18 Aug 25 US Stagflation Scenario Risk Dashboard
Data as of 15 Aug 2025
Sources: CPI YoY from BLS API (CUSR0000SA0; fallback FRED CPIAUCSL). Breakevens (T5YIE, T10YIE), TIPS (DFII5, DFII10), curve (DGS2, DGS10), and HY OAS (BAMLH0A0HYM2) from FRED.
Takeaway: The probability mix reflects the current balance of risks across inflation, growth, and credit. A higher soft-landing share aligns with firm real yields and contained credit spreads; a tilt toward stagflation rises when breakevens and OAS widen while the curve re-inverts.
Compare with 11 Aug Probabilties (below) A soft-landing muddle-through scenario now seems probably.

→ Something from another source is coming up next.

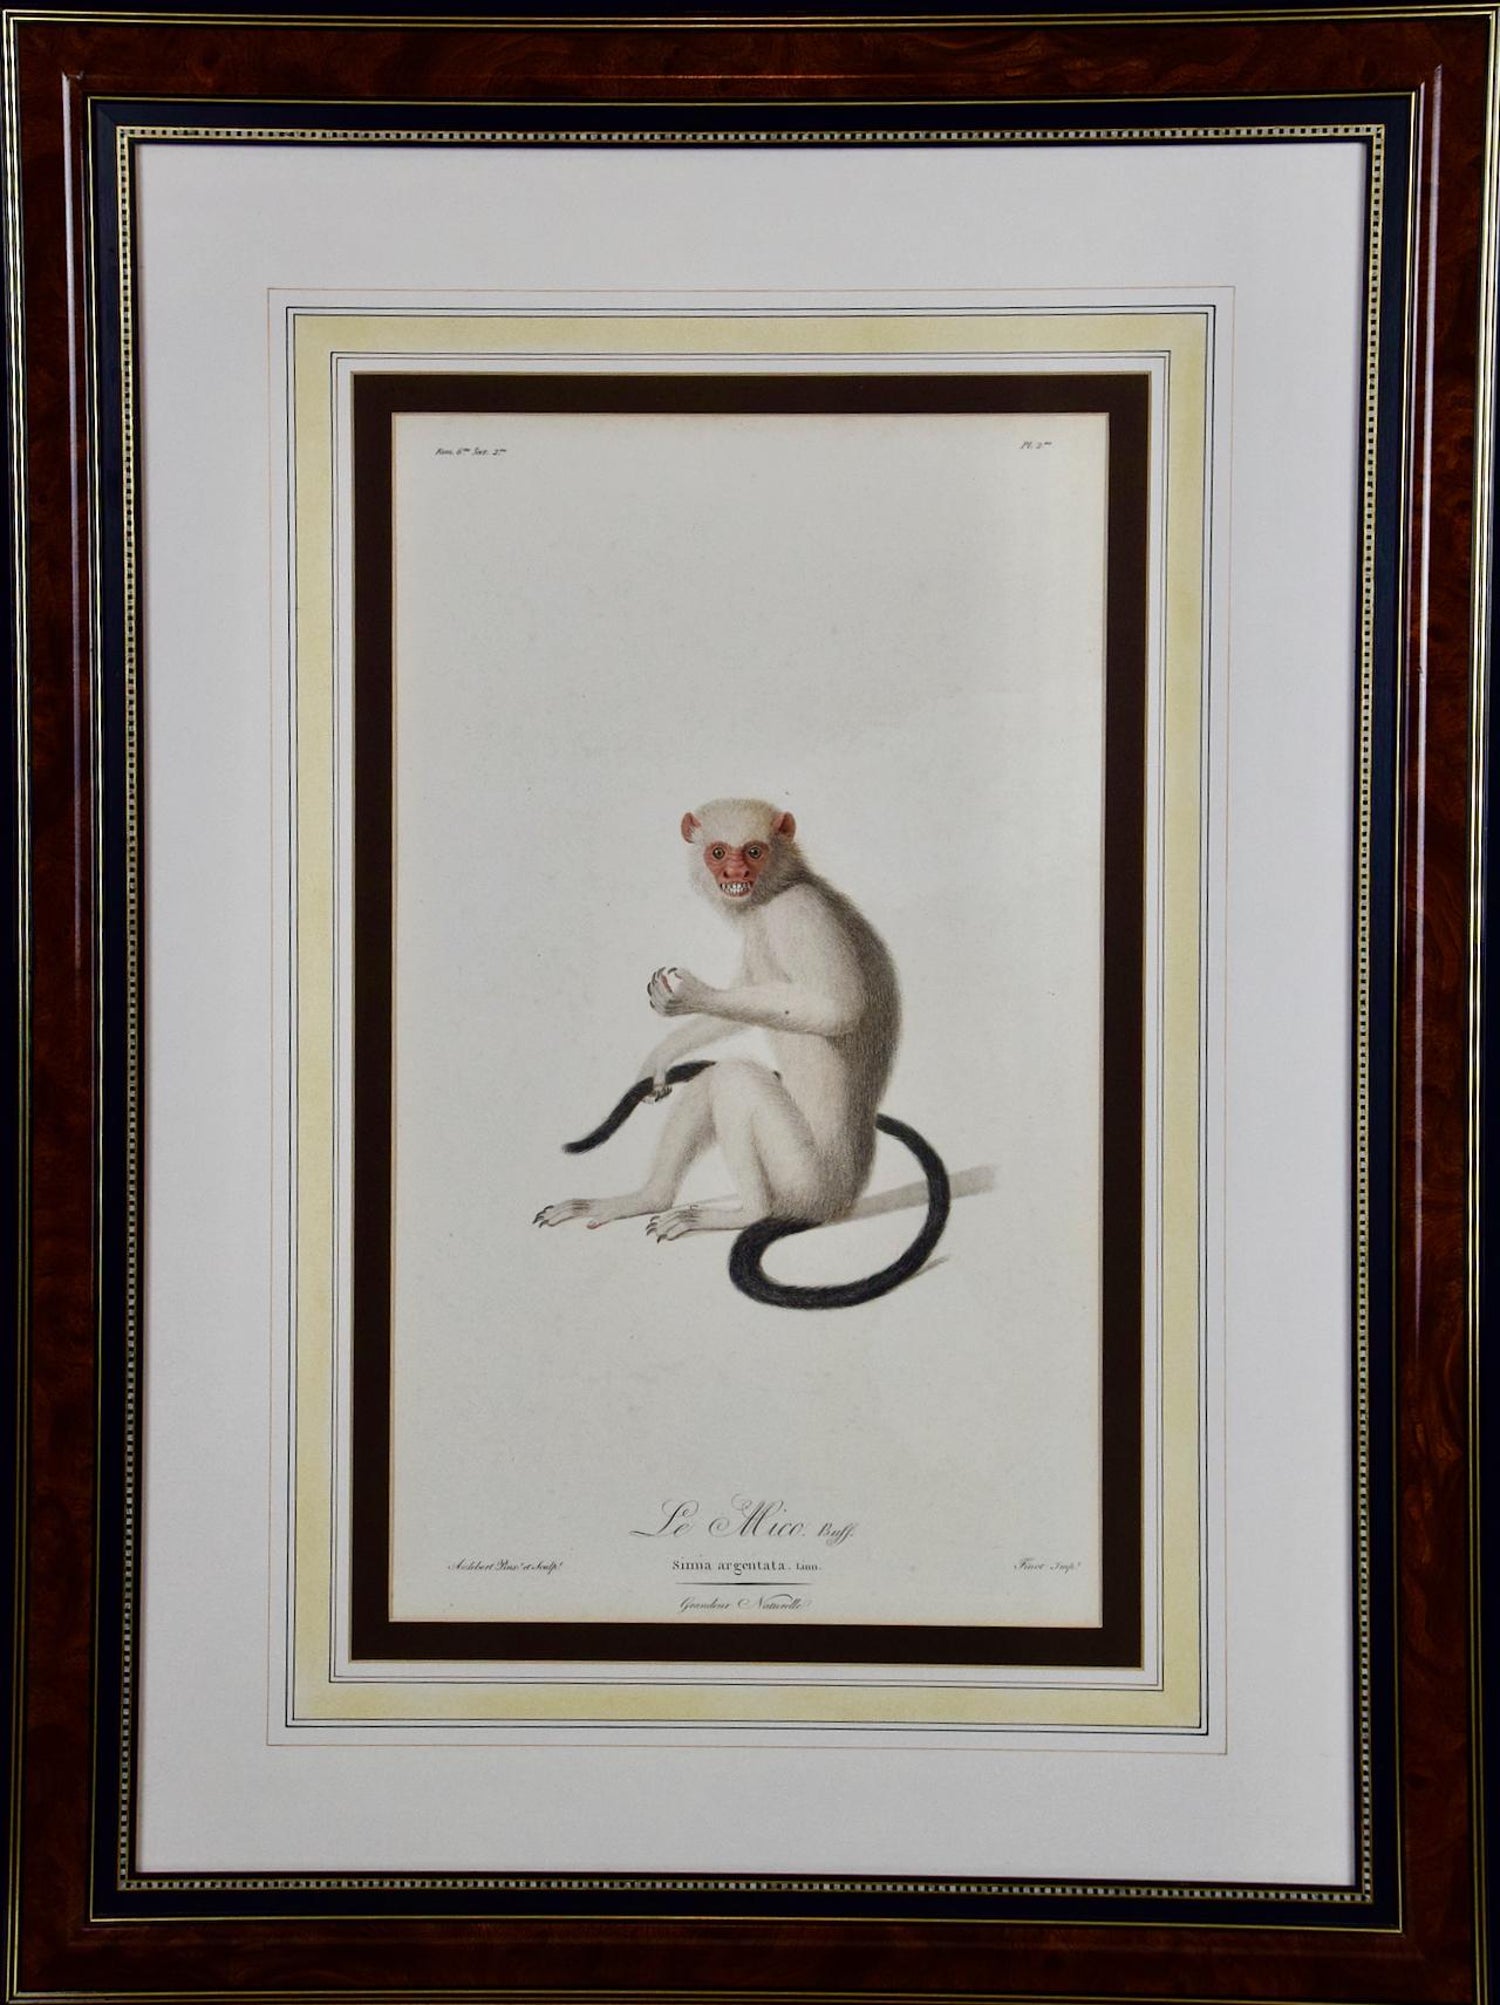 Jean Baptiste Auderbert - White-throated Capuchin Monkey: Framed Audebert  18th C. Hand-colored Engraving For Sale at 1stDibs

For methodology and explanation of inflation scenarios see: https://ngtiankhean.blogspot.com/2025/08/usa-stagflation-risk-dashboard-11-aug.html
Breakeven Inflation and 5y5y Forward
Insight: 5Y breakevens proxy near-term inflation expectations and move with energy and supply shocks. 10Y breakevens anchor longer-run inflation views; stability near 2 percent suggests credibility of the Fed target. A rising 5y5y forward signals investors expect inflation pressures to persist beyond the near term. Watch for breaks above 2 to 2.5 percent as a warning that inflation psychology is drifting higher.
CPI YoY (Headline CPI-U, SA)
Insight: Headline CPI YoY tracks realized inflation. Sustained CPI YoY above 2 percent keep the policy bias restrictive; cooling toward 2 percent supports a patient easing path. Compare CPI trends with breakevens to gauge credibility and risk of surprise re-acceleration.
TIPS Real Yields
Insight: Positive and rising TIPS real yields tighten financial conditions and weigh on interest-sensitive growth. Falling real yields can cushion growth but may also accompany rising inflation risk if breakevens lead the move.
2s10s Yield Curve Spread
Insight: A deeply inverted curve signals restrictive policy and elevated recession risk. Re-steepening from inversion can be a late-cycle signal; if it occurs via rising long rates alongside sticky inflation, stagflation risk increases.
Insight: HY spreads summarize credit risk appetite. Tight spreads indicate benign default expectations and support soft-landing narratives; a sharp, sustained widening is an early warning of growth stress and tightening financial conditions.